◆ Task details:
The required output is the stretch from the line containing "Llama (Lama glama), young, native" through the line containing "Mehndi Cushion Cake" in the records below, unaltered and with no pictures.

◆ Exercise inputs:

BEGIN

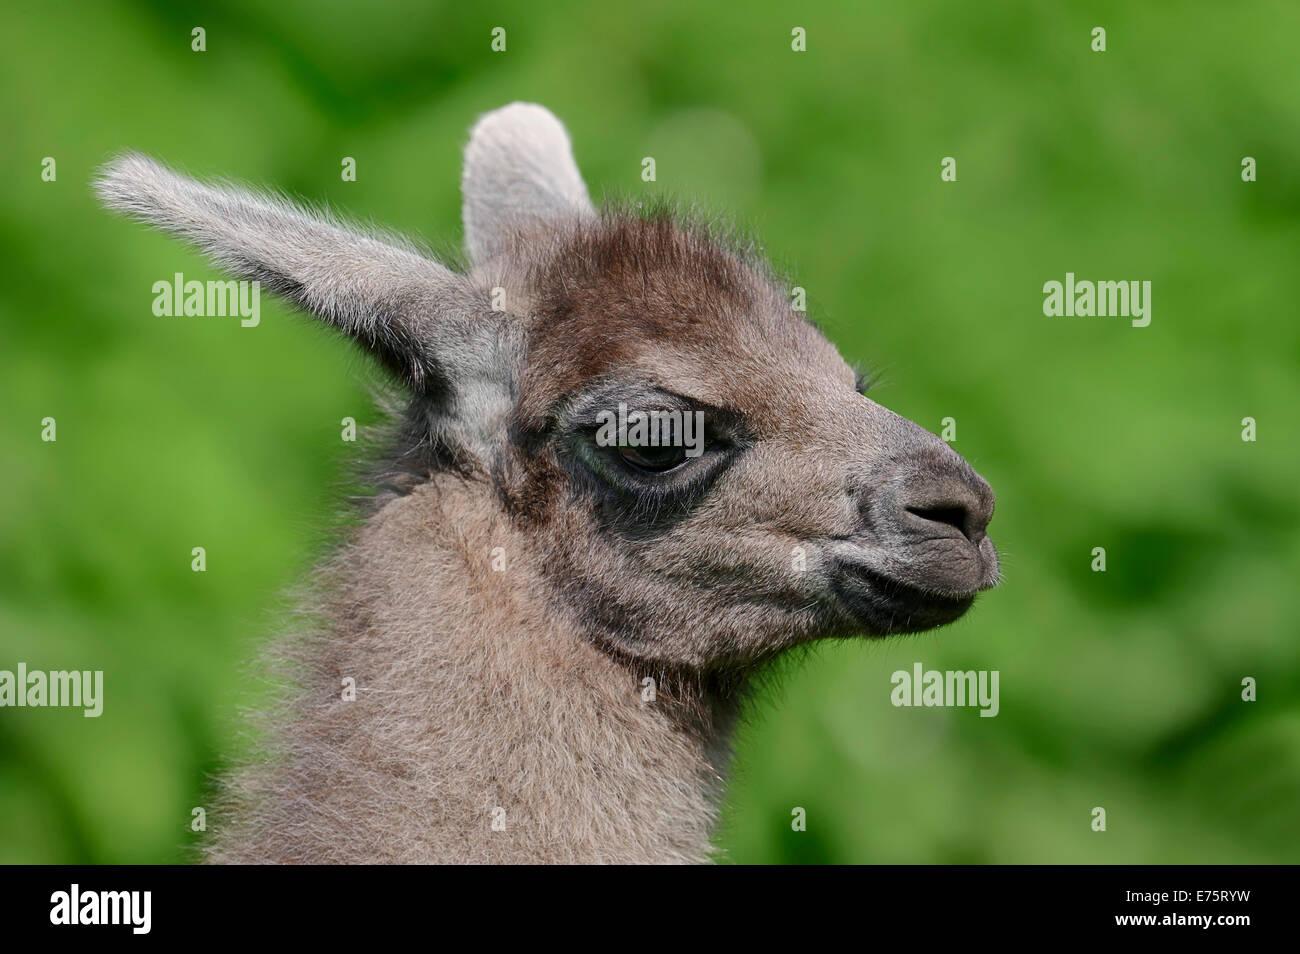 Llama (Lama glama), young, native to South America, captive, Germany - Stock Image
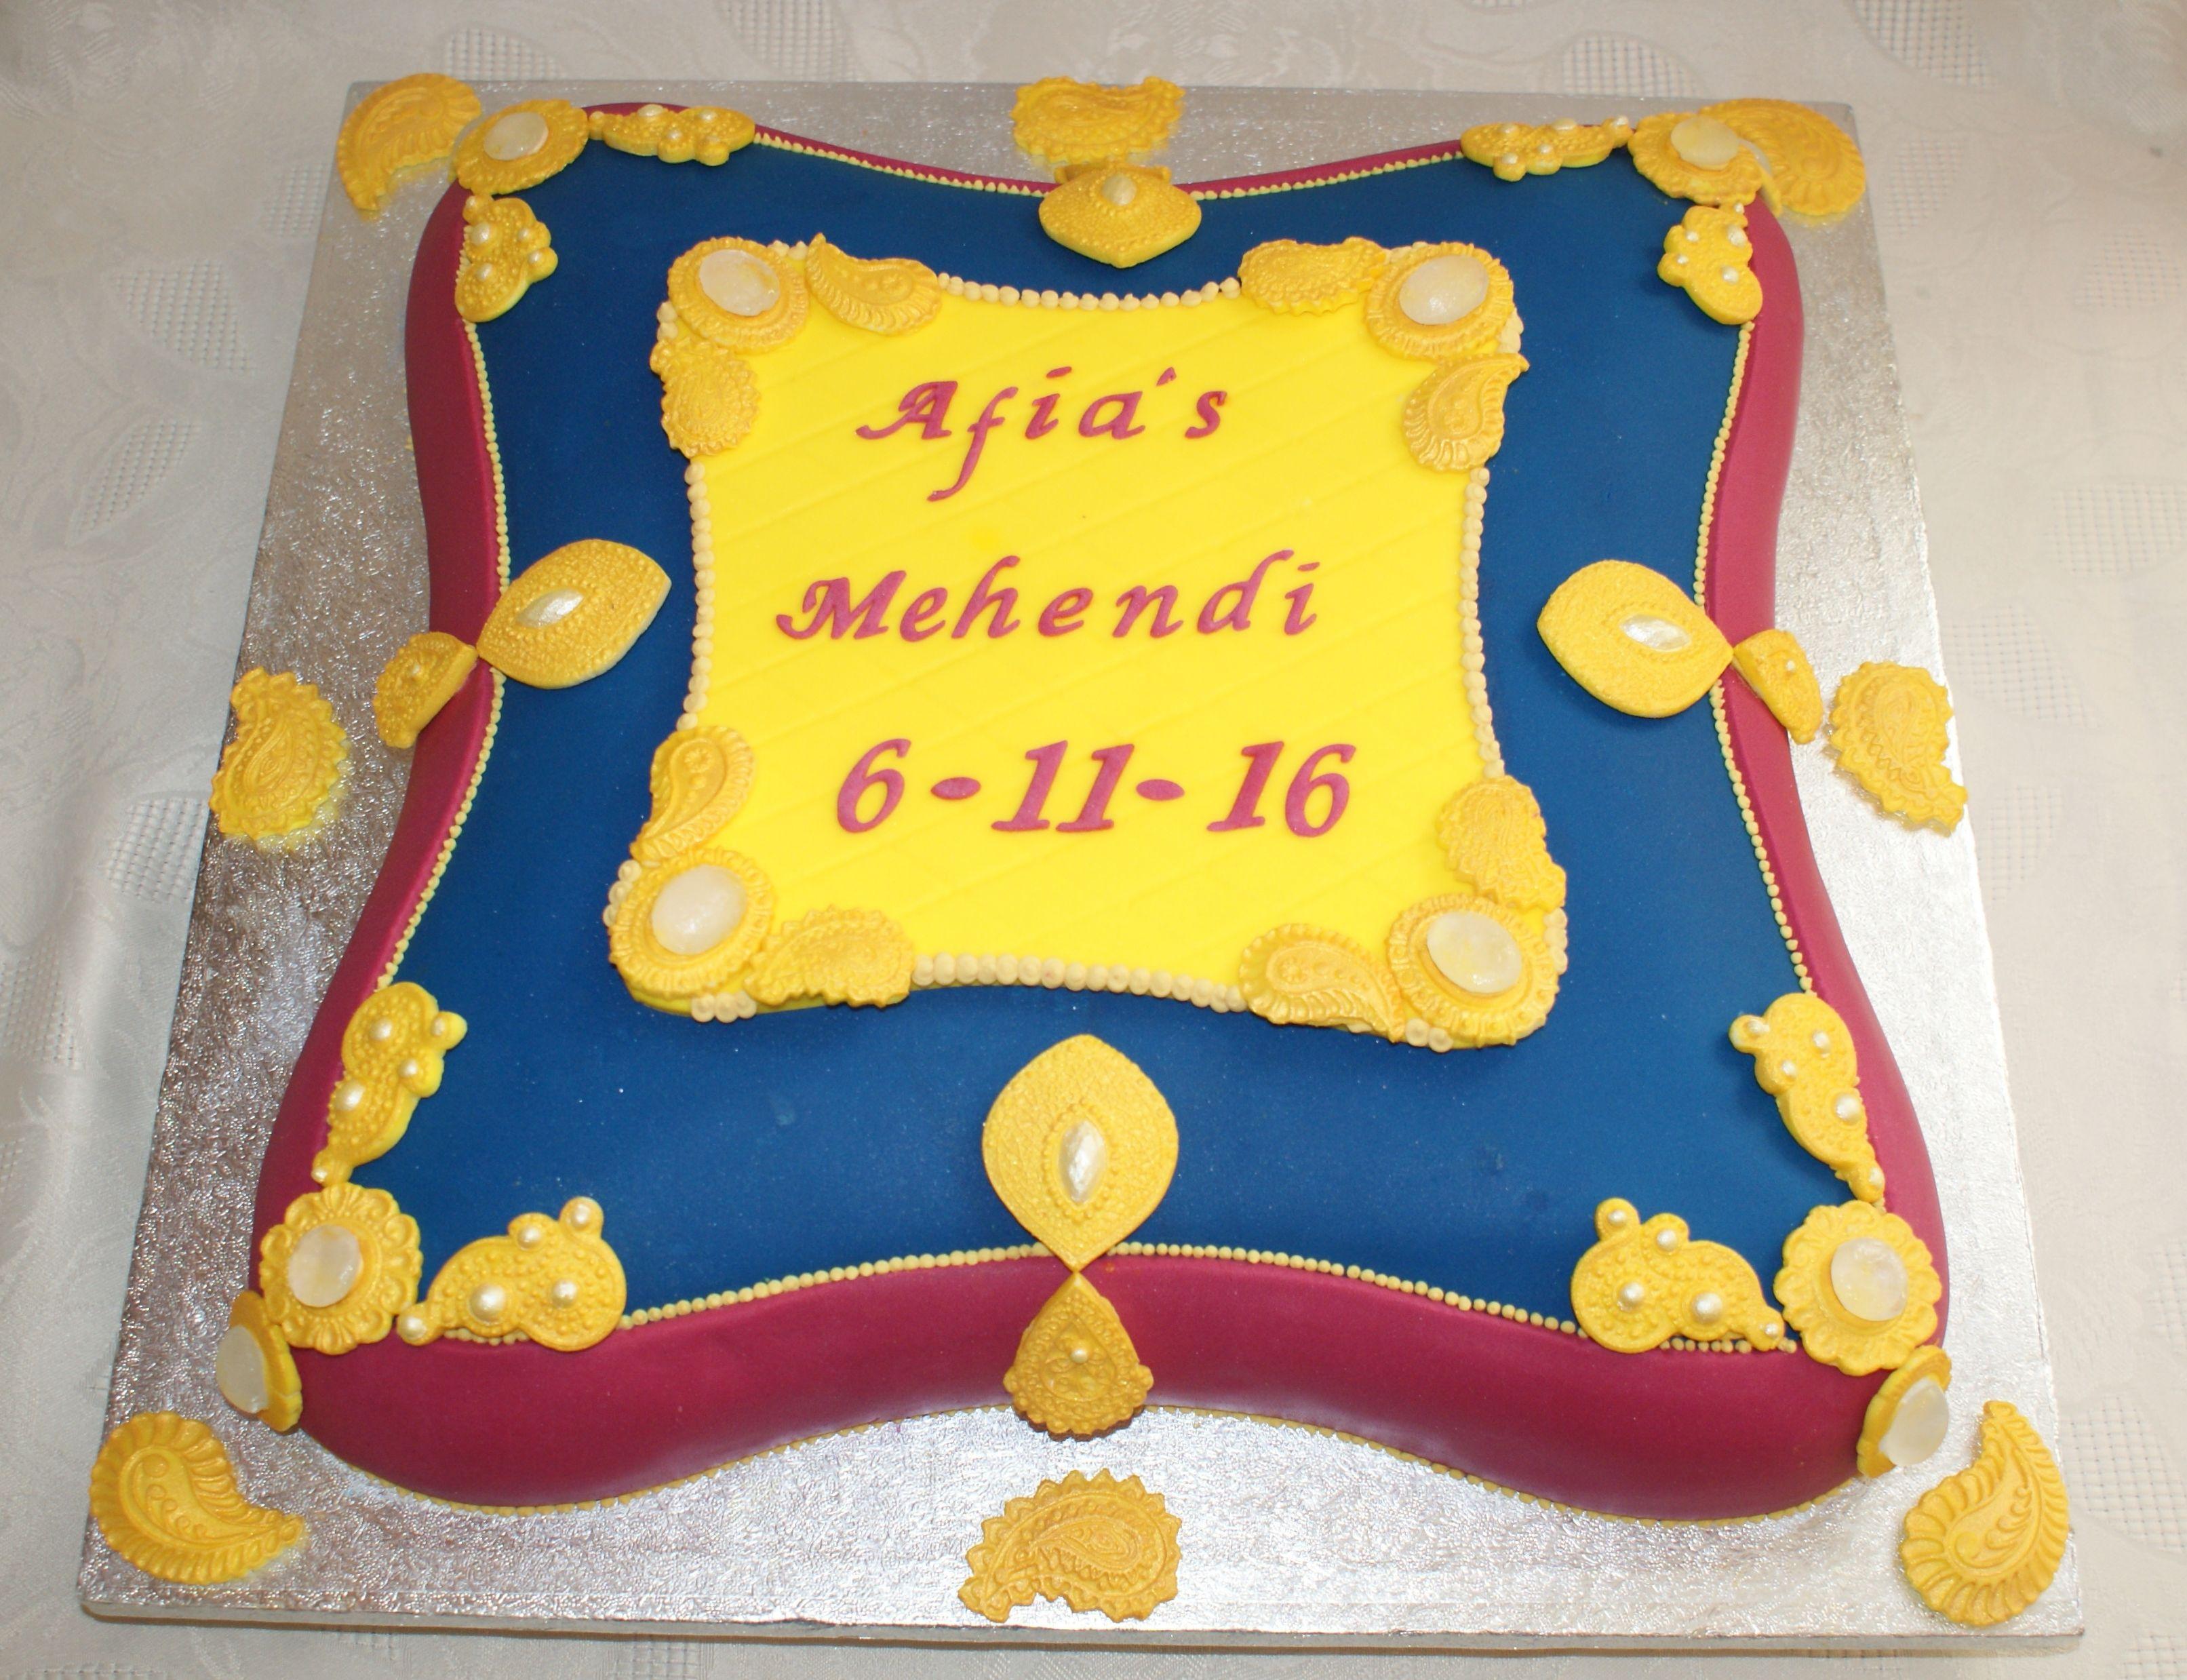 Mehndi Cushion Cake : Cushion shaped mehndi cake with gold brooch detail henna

END
BEGIN

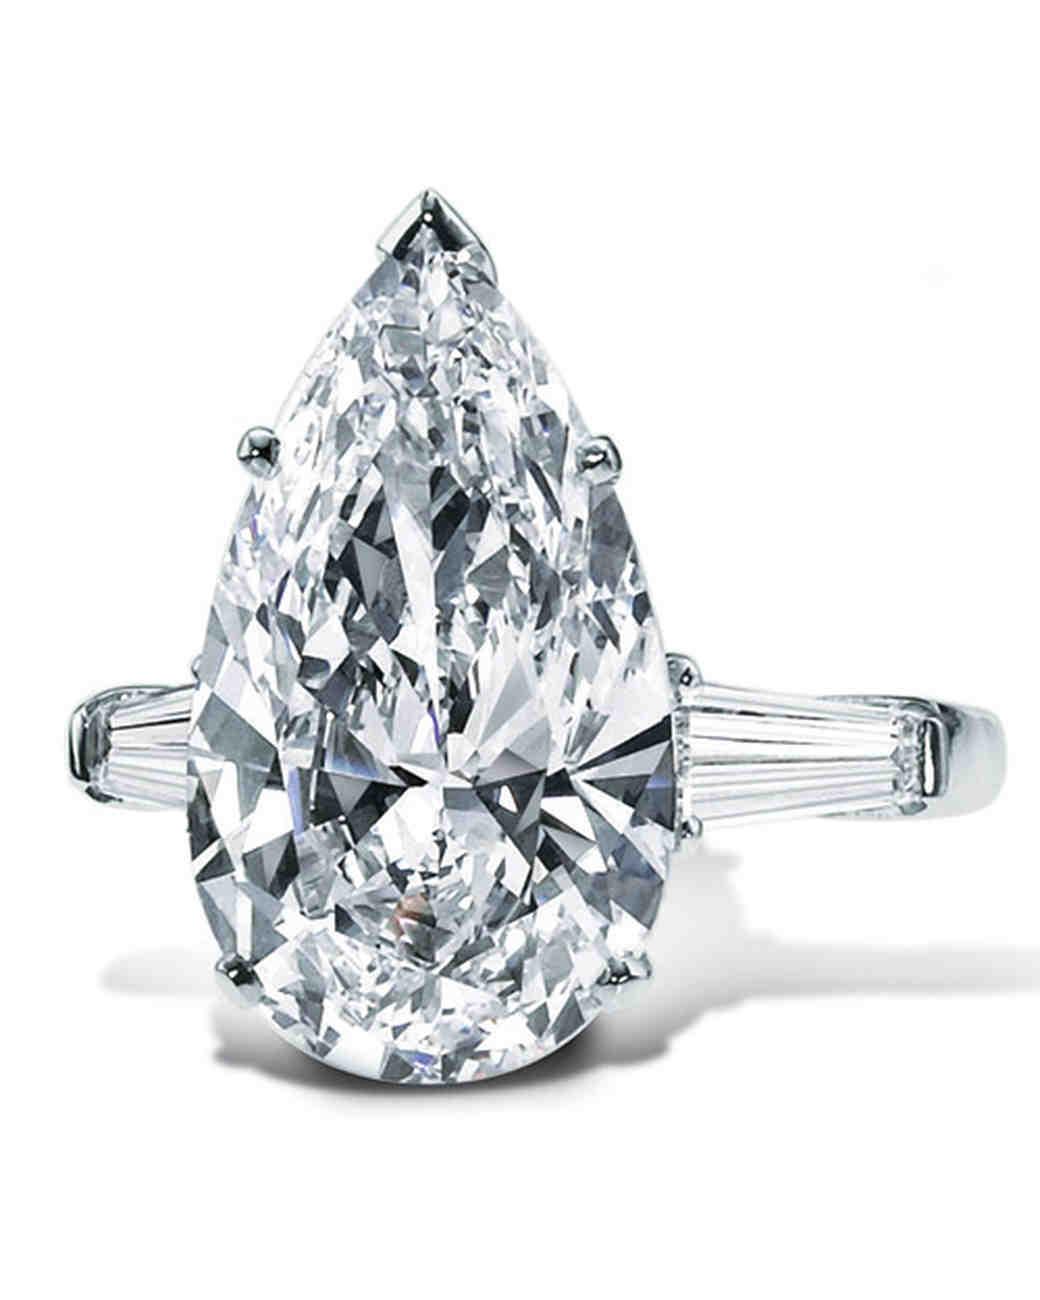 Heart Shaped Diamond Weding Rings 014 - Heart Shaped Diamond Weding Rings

END

◆ Task answer:
 Llama (Lama glama), young, native to South America, captive, Germany - Stock Image
 Mehndi Cushion Cake : Cushion shaped mehndi cake with gold brooch detail henna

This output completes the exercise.